** Dataset section follows **

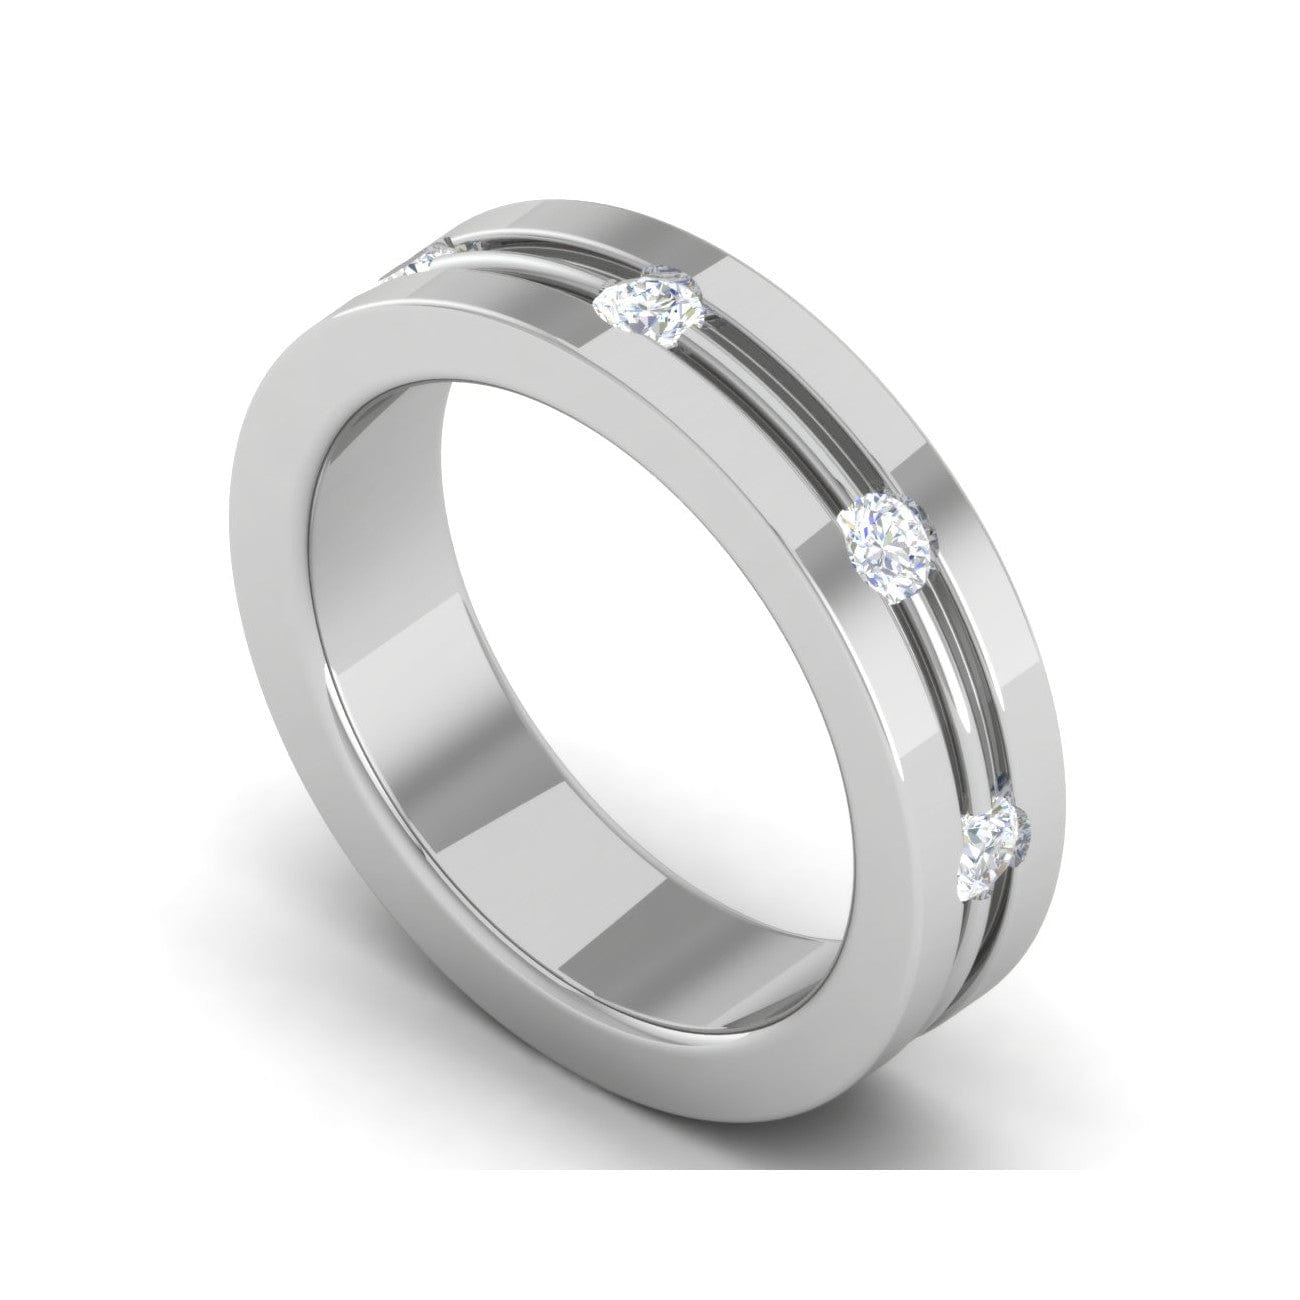 Buy TANISHQ 950 Platinum Diamond Ring 16.40 mm Online - Best Price TANISHQ  950 Platinum Diamond Ring 16.40 mm - Justdial Shop Online.
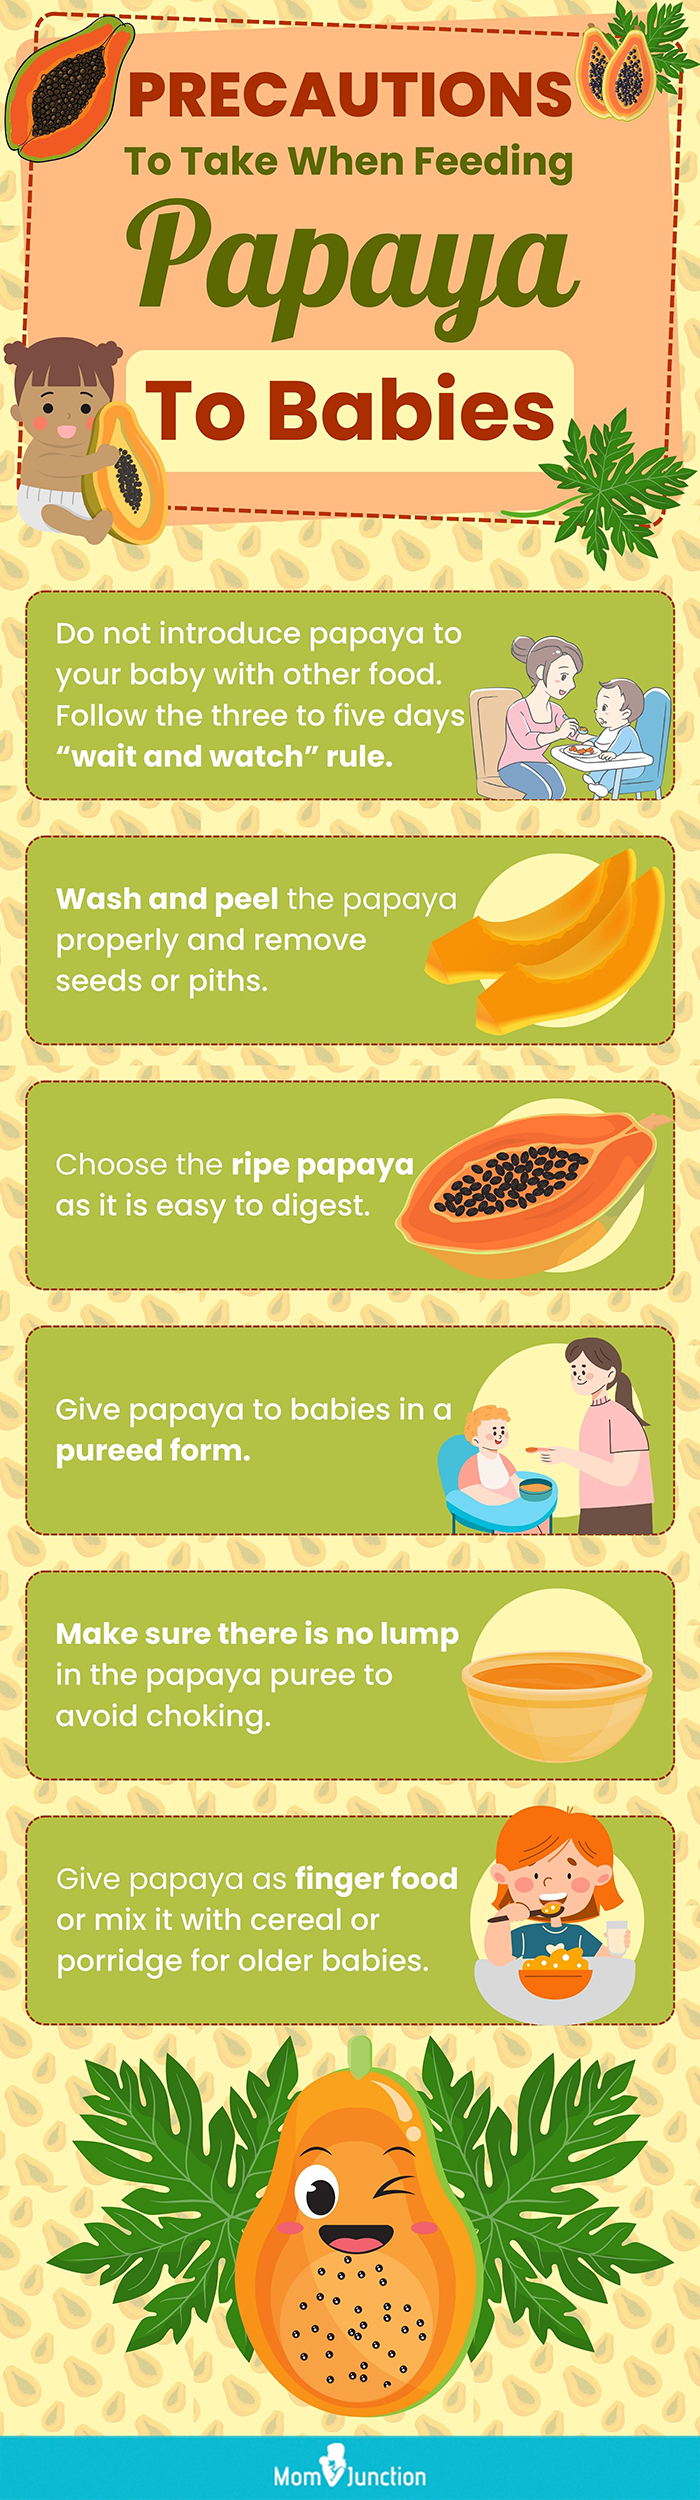 precautions to take when feeding papaya to babies [infographic]
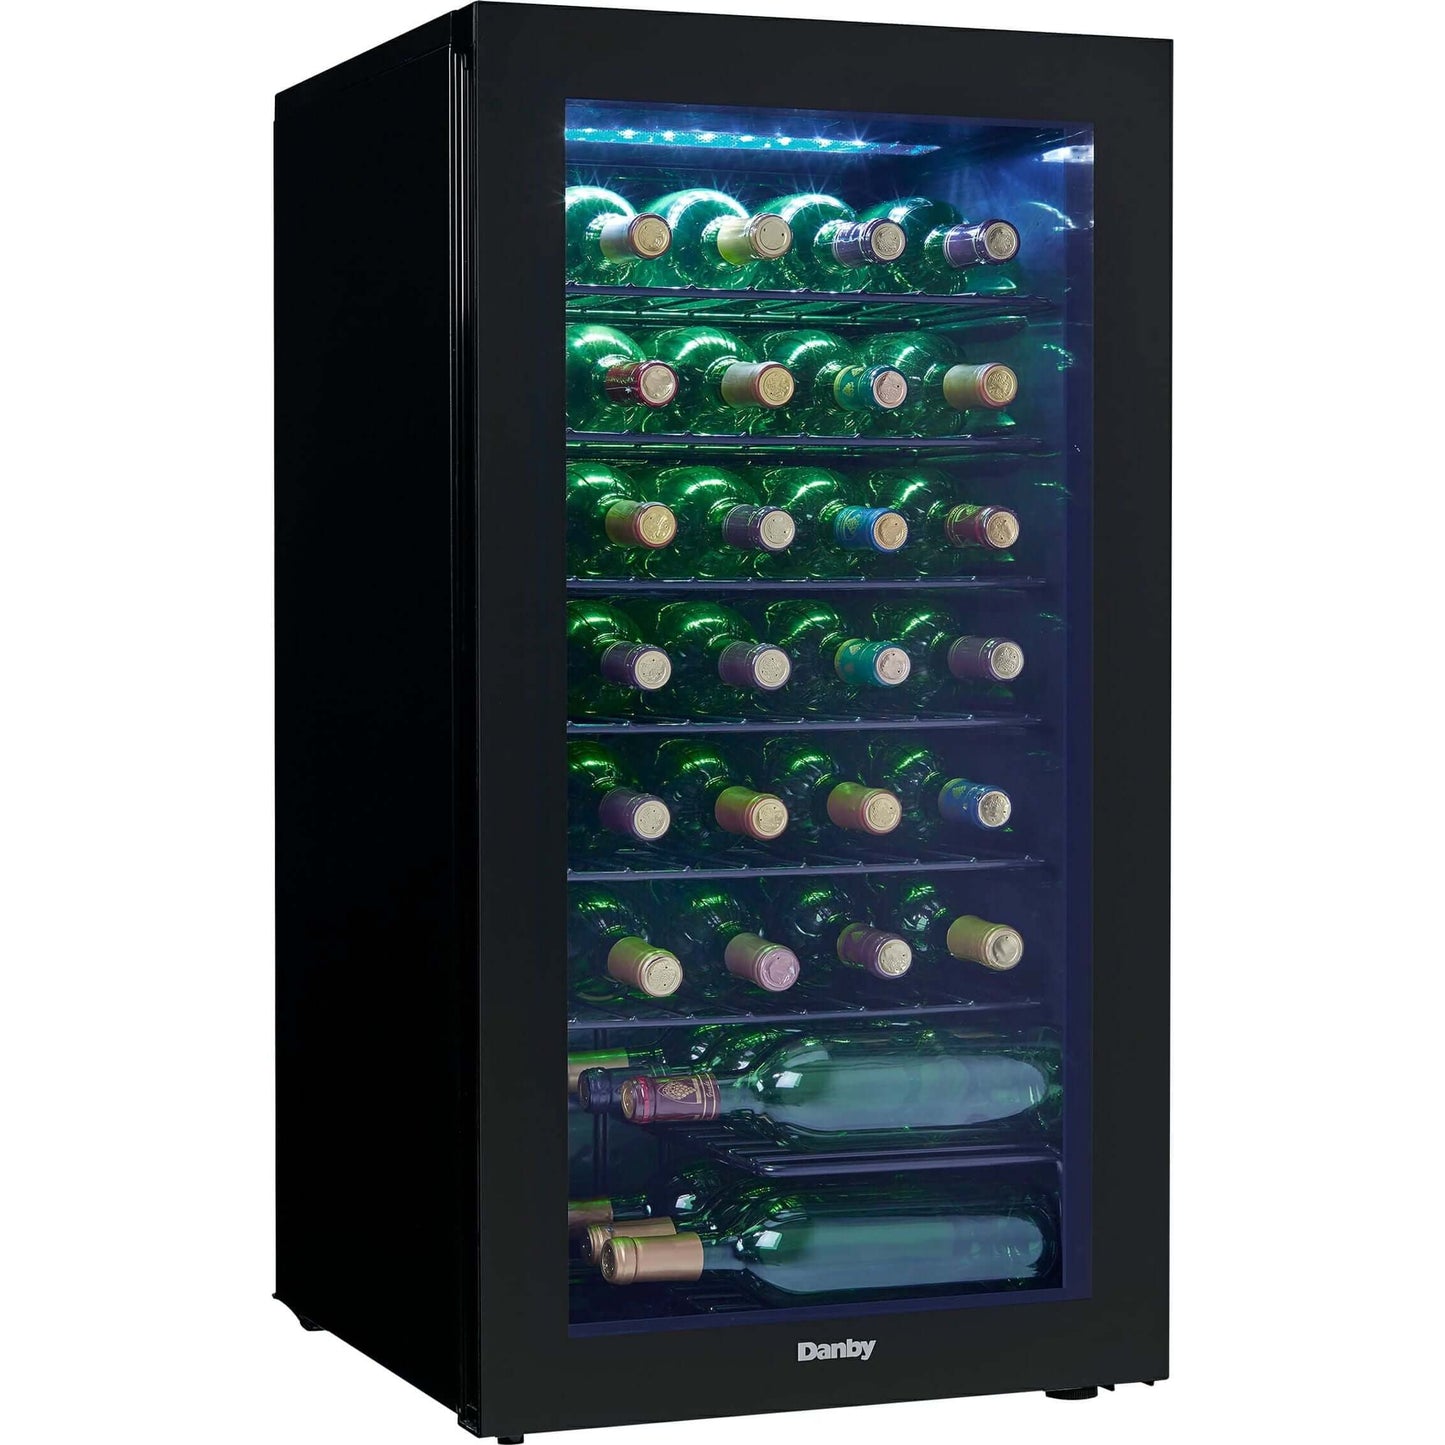 Danby 36 Bottle Free-Standing Wine Cooler in Black

** End of Dataset section **

## Task description
Write out exactly the lines running from the one with "precautions to take" through the end of the material, both ends included, while leaving the pictures out.

## Reply
 precautions to take when feeding papaya to babies [infographic]
 Danby 36 Bottle Free-Standing Wine Cooler in Black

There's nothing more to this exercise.